- Agnew
- Coordinates: 28°00′43″S 120°31′08″E﻿ / ﻿28.01194°S 120.51889°E
- Country: Australia
- State: Western Australia
- LGA: Shire of Leonora;
- Location: 982 km (610 mi) north east of Perth; 21 km (13 mi) south west of Leinster; 160 km (99 mi) south of Wiluna;
- Established: 1936

Government
- • State electorate: Kalgoorlie;
- • Federal division: O'Connor;
- Elevation: 519 m (1,703 ft)
- Postcode: 6435

= Agnew, Western Australia =

Agnew is a ghost town in the Goldfields-Esperance region of Western Australia 982 km north-east of Perth; the closest populated town is Leinster.

The town is named after a miner, John Alexander Agnew, who worked for a local mining firm, Bewick, Moreing & Co. The townsite was declared in 1936. It had no official post office in 1936; an unofficial one operated two days per week offering limited service.
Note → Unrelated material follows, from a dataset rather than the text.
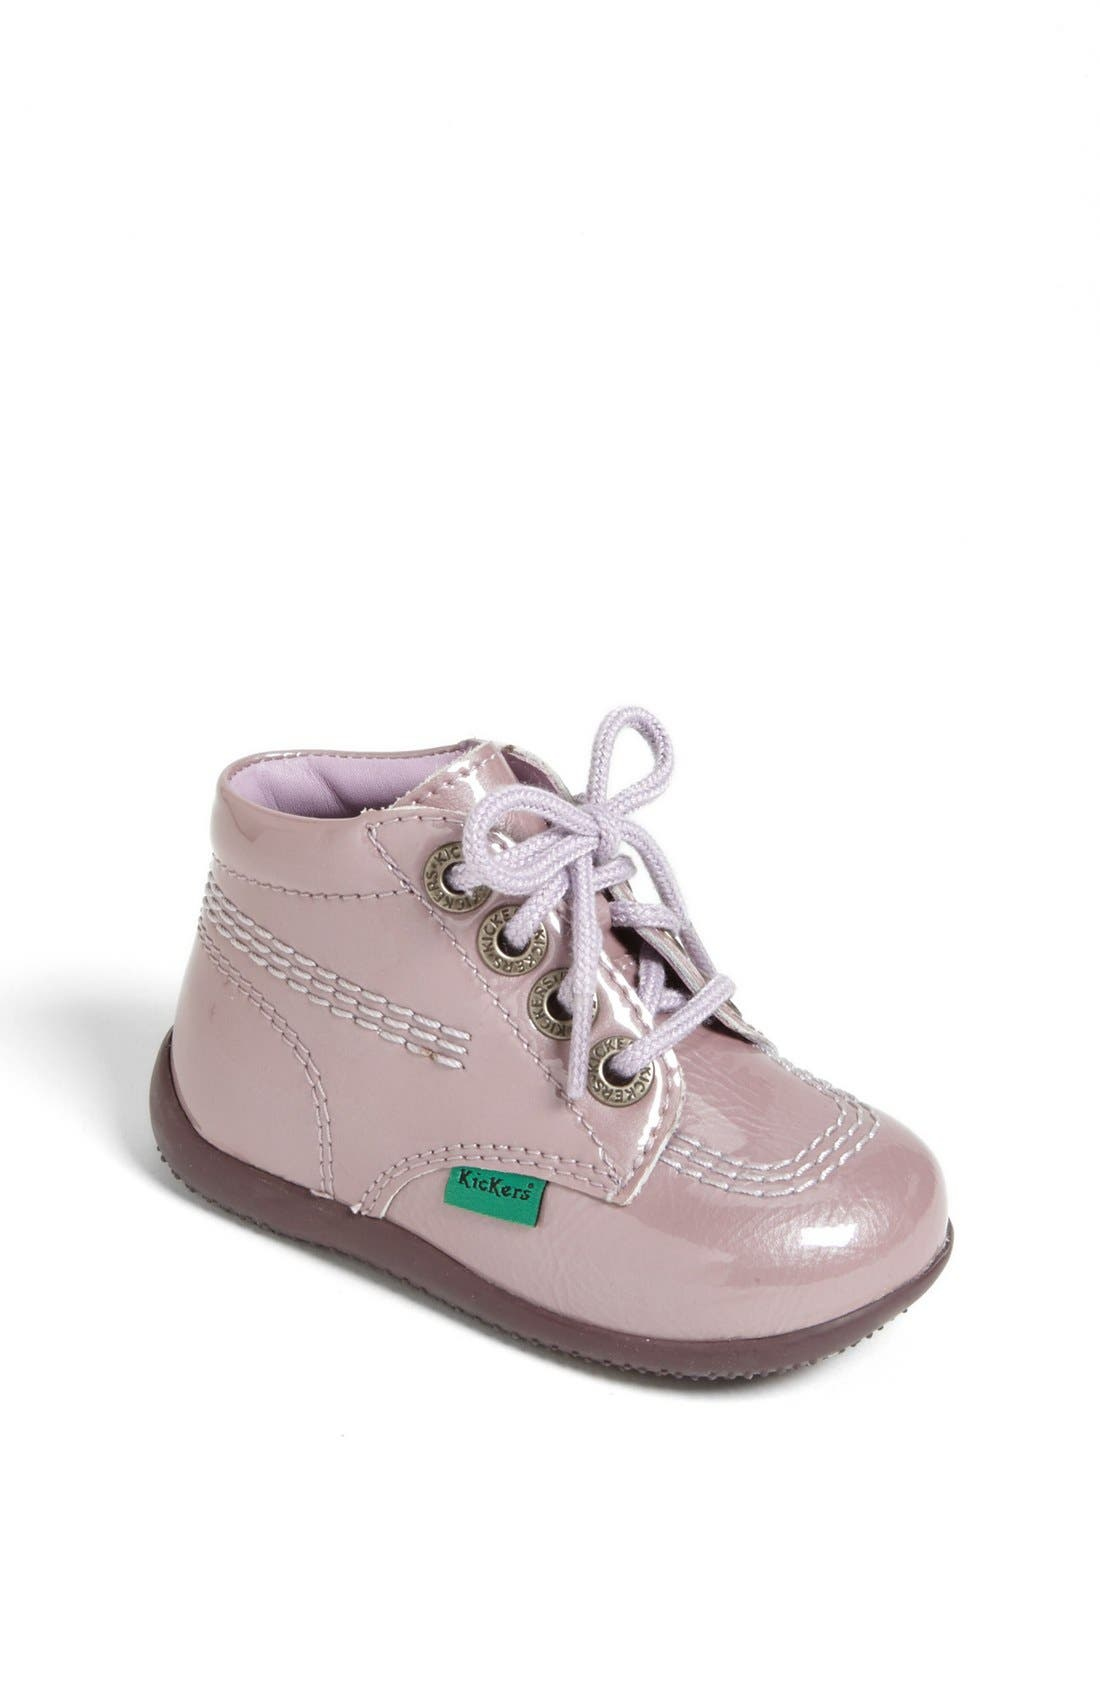 Main Image - Kickers 'Billy 4' Boot (Baby, Walker & Toddler)

The town's post office was robbed in 1937, with over £250 being stolen during the course of the night. The post office was part of the Emu mine premises and it was noted that the safe from which the money was stolen was found locked afterward.

At one point the town had a population of 500. The Agnew Hotel, was built in 1945 amongst a row of shops on the main street and was all that was left of the town until its demolition in 2018. An old head frame of a stamp mill and the large tailing dumps of the East Murchison United gold mine also remain just outside the town.
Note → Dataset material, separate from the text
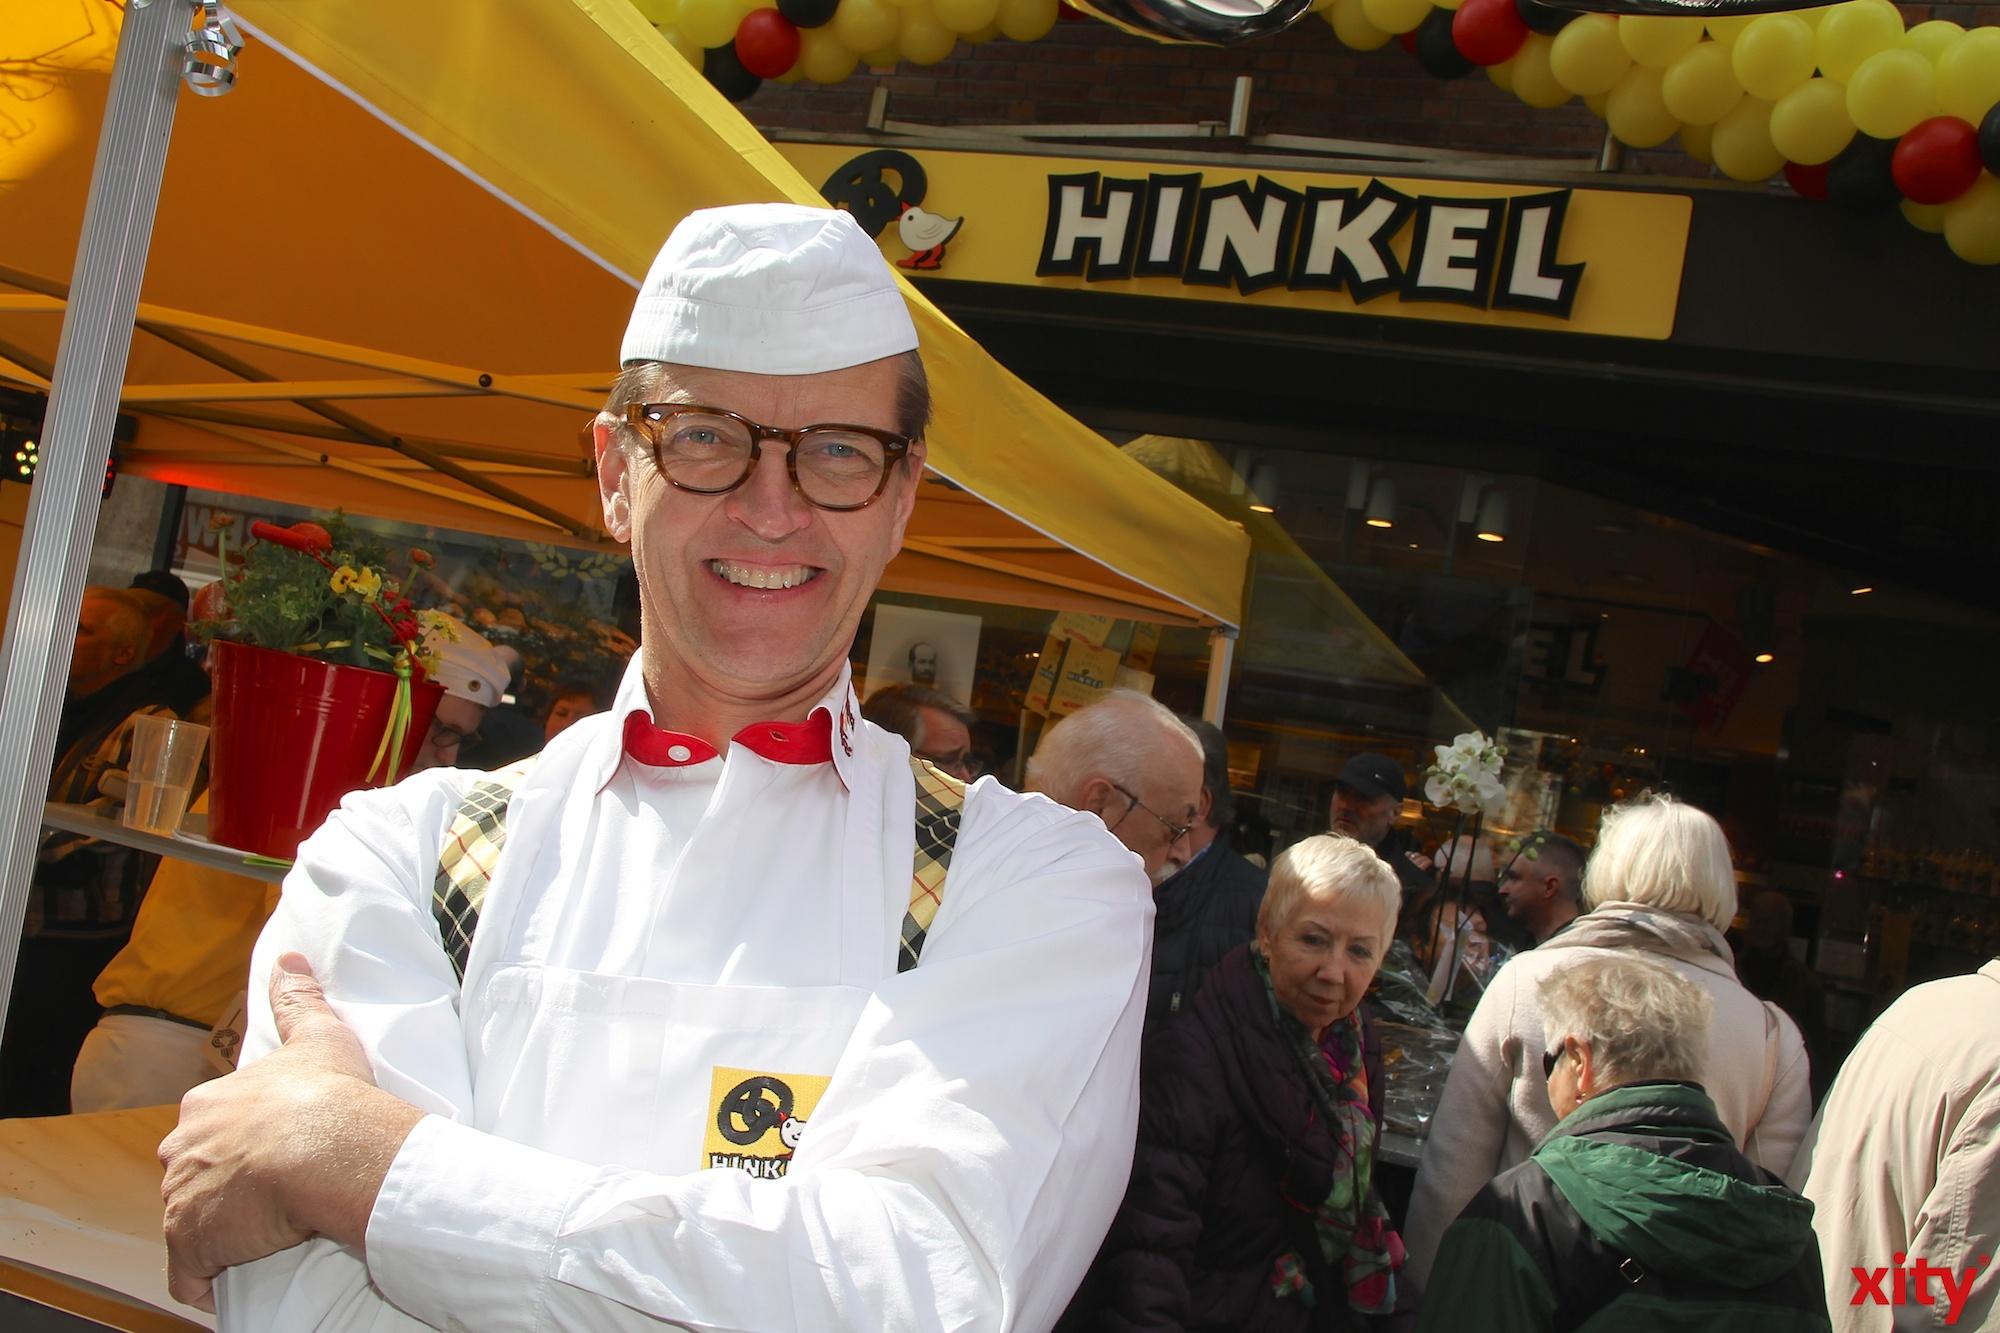 Josef Hinkel leitet den Familienbetrieb in vierter Generation (Foto: xity)

In 1947, two prospectors, Charles Farranda and Alberto Bernardi, discovered a new gold find north of the Emu mine. The quartz reef containing coarse gold returned about 10 oz per ton and was described as the best find in the district for years.
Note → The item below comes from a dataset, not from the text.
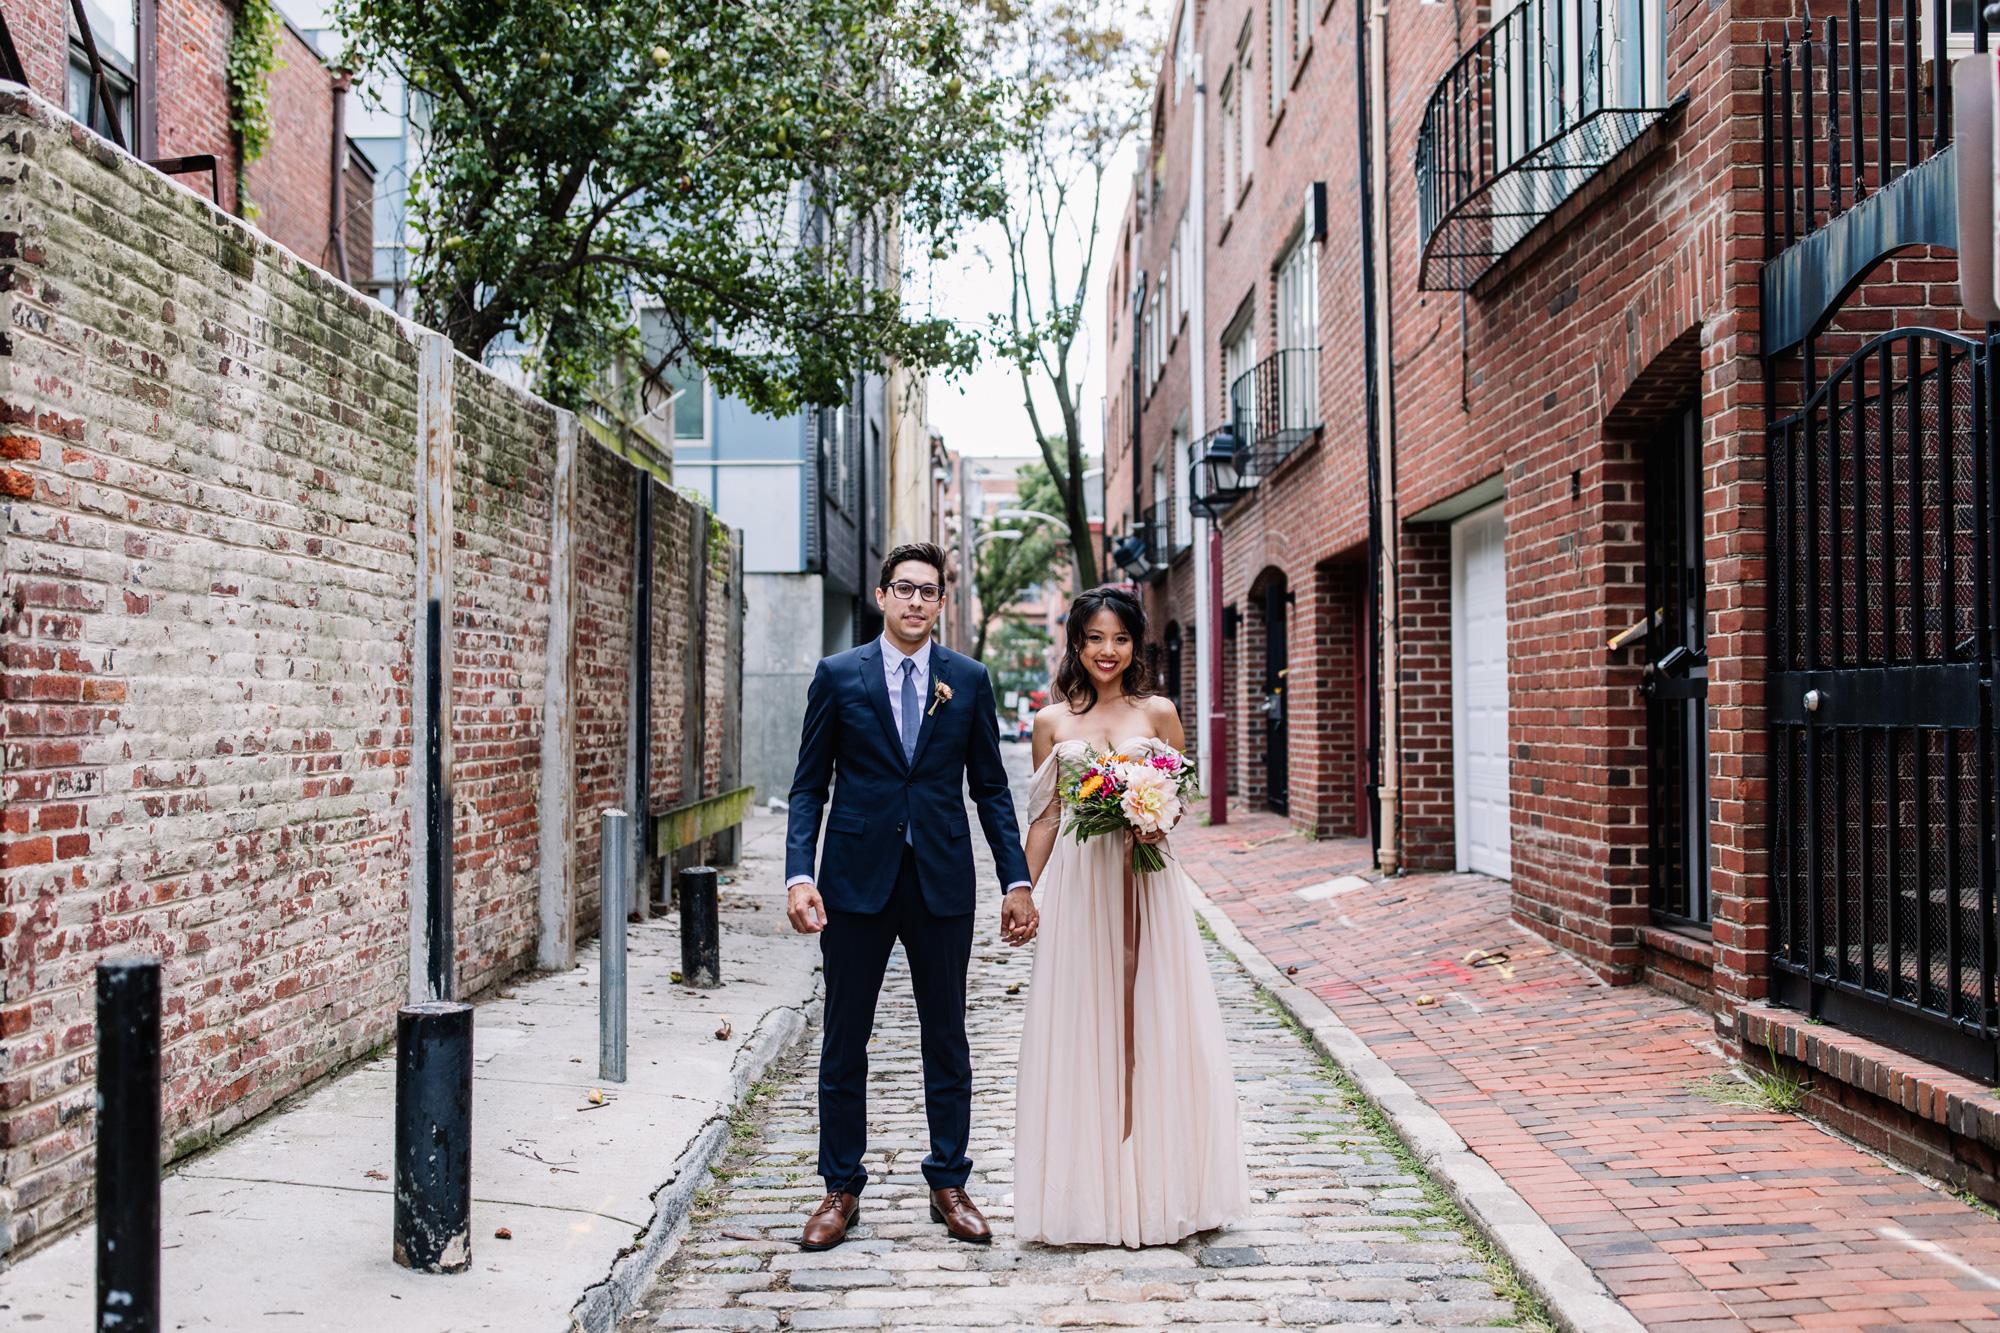 Philadelphia Wedding Planner Heart & Dash | Old City Wedding at Twisted Tail | Brittney Raine Photography

The town water supply failed in the same year when, following six days of calm weather, the windmill was unable to pump water from the town bore and most of the town's tanks had run dry. The town's population at the time was about 200 including 33 children. Water had been pumped by windmill from a well about 90 ft deep and then pumped to a raised 5000 impgal tank, then gravity fed back down to the town. Following the failure the residents refused to pay their rates to the Goldfields Water Supply Department.

The Emu mine closed in 1948; ore breaking stopped late in January and employees received a one-month notice of dismissal. The mine closed as a result of the high cost of production and the inability to secure capital for development work. Over 80 men were employed at the mine at the time.

In 1949, the Agnew gold mine closed. This was closely followed by the closure of the town's school as the number of enrolments dropped from 30 to 5. The population of the town fell from 150 to 25.

The Emu mine was severely flooded in 1989 resulting in the death of six men who were working underground at the time.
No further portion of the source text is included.